Cynthia A. Bascetta Director, Health Care
To determine the processes used by the Centers for Medicare &
Medicaid Services (CMS) to ensure the accuracy and completeness of
data submitted by hospitals for the Annual Payment Update program
(APU program), we interviewed both CMS officials and staff at
DynKePRO-which operates the Clinical Data Abstraction Center
(CDAC)-and the Iowa Foundation for Medical Care (IFMC), two
contractors that perform data collection and data quality
monitoring tasks for the APU program. In addition, we reviewed
documentation on the program available publicly on the Quality Net
Exchange Web site1 and the Web sites of several quality
improvement organizations (QIO)-contractors to CMS that provide
technical assistance to hospitals on the APU program-as well as
documents on the APU program provided to us at our request by CMS.
We also obtained access to CMS's intranet system and searched for
relevant memorandums and other documents regarding CMS's policies
and requirements for hospitals that participated in the APU
program. To gain insights from other groups involved in the APU
program, we interviewed officials from two or more QIOs, state
hospital associations, and hospital data vendors that submitted
data to the IFMC-operated database for their hospital clients.

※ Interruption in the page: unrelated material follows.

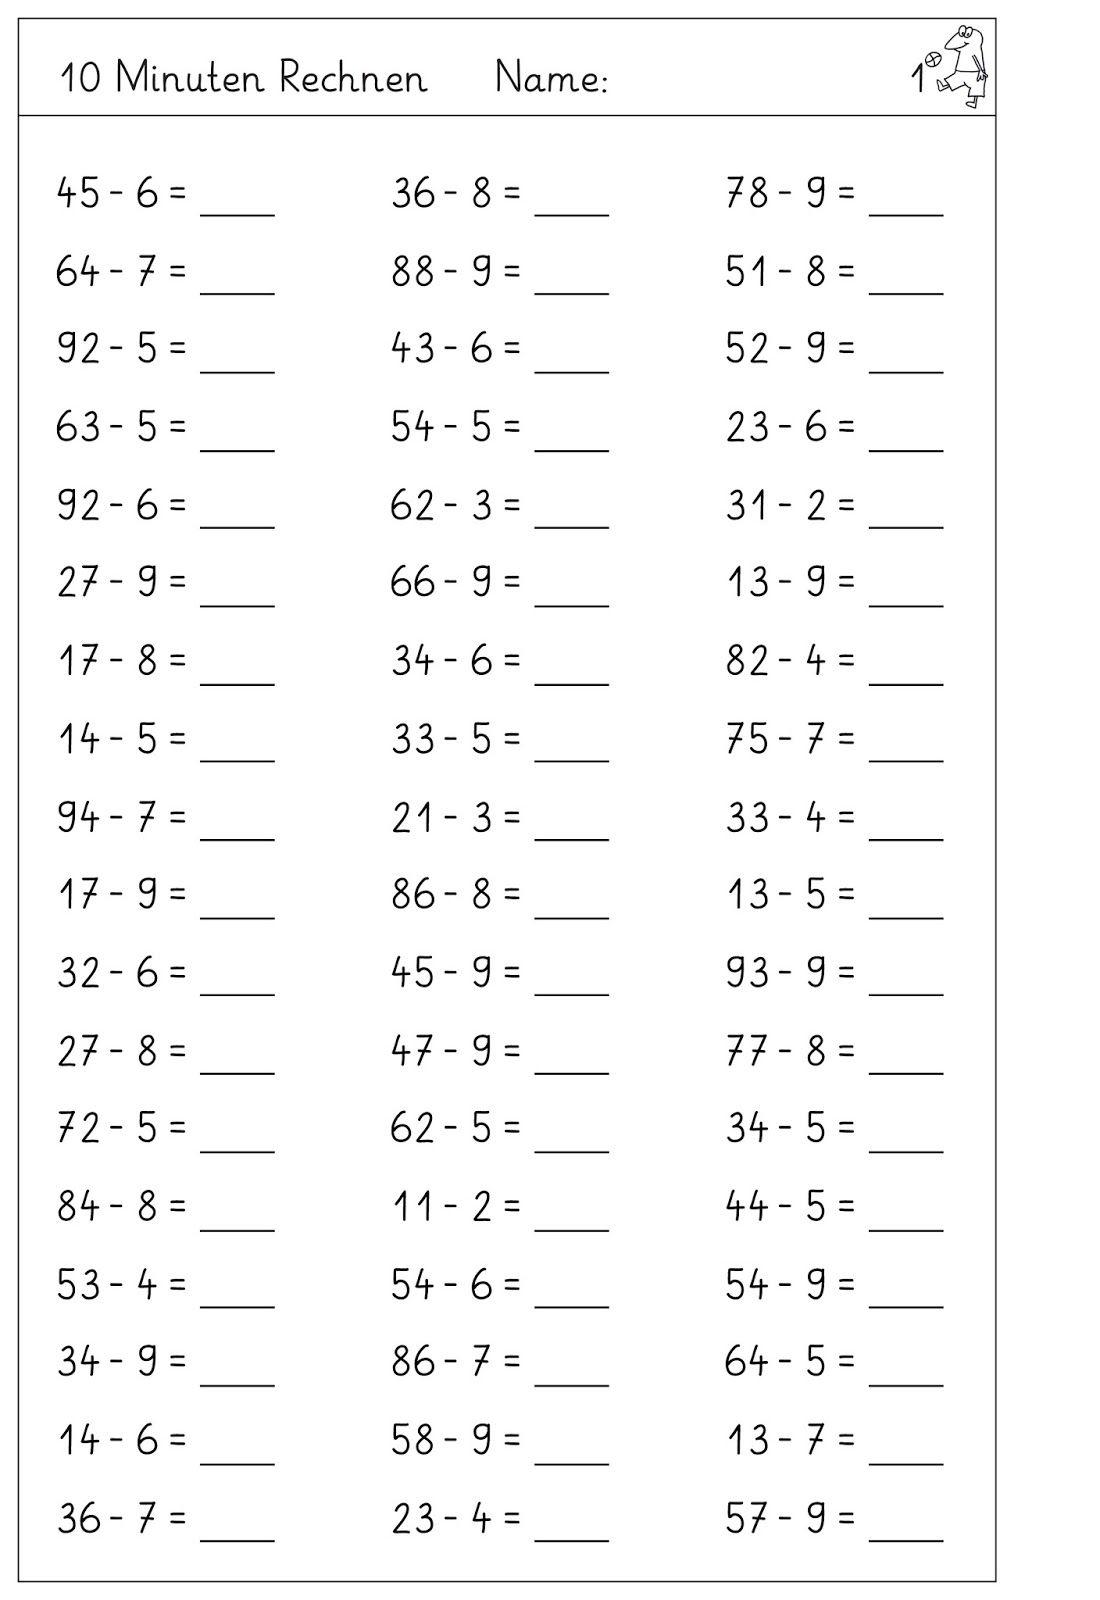 Der Zehnerubergang Im Zr 100 Mit Einstelligen Zahlen

Our assessment of the baseline accuracy of the initial APU program
data depended on the availability of suitable information from
CMS. We examined CMS's reabstraction process to determine if the
CDAC assessments of data accuracy would be appropriate for that
purpose. Reabstraction is the re-collection of clinical data for
the purpose of assessing the accuracy of data abstractions
performed by hospitals. In the APU program, CDAC compares data
reported by the hospitals to those it has independently obtained
from the same medical records. CDAC has instituted a range of
procedures, including training of its abstractors and continuous
monitoring of interrater reliability, intended to ensure that its
abstractors understand and follow its detailed guidance for
arriving at abstraction determinations that are correct in terms
of CMS's data specifications. We interviewed CDAC staff and
observed the implementation of these procedures during a site
visit at the CDAC facility. On the basis of this information we
concluded that it would be appropriate for us to use the results
of the CDAC reabstractions to estimate baseline data accuracy for
the APU program.
We obtained the results of the reabstractions that CDAC had
conducted on samples of the patients for whom hospitals had
submitted data from the first two quarters of 2004. These two
quarters were the first two data submissions made by hospitals
under the APU program and the most recent available when we
conducted these analyses. They constituted 20,465 patient records
for the first quarter and 20,259 for the second. These files
showed, for each data element that CMS used in assessing
abstraction accuracy, the correct entry as determined by the CDAC
abstractors and whether this matched the value that the hospital
had reported. We applied CMS's algorithms for computing hospital
scores on the expanded-measure set in order to determine the
extent of missing or invalid data. We found that approximately 2
to 3 percent of patient records could not be scored on any given
APU measure due to missing data. We excluded from the analysis
records from critical access hospitals and acute care hospitals in
Maryland and Puerto Rico (which are paid under different payment
systems than other acute care hospitals and therefore are not
subject to a reduced annual payment update under the APU program2)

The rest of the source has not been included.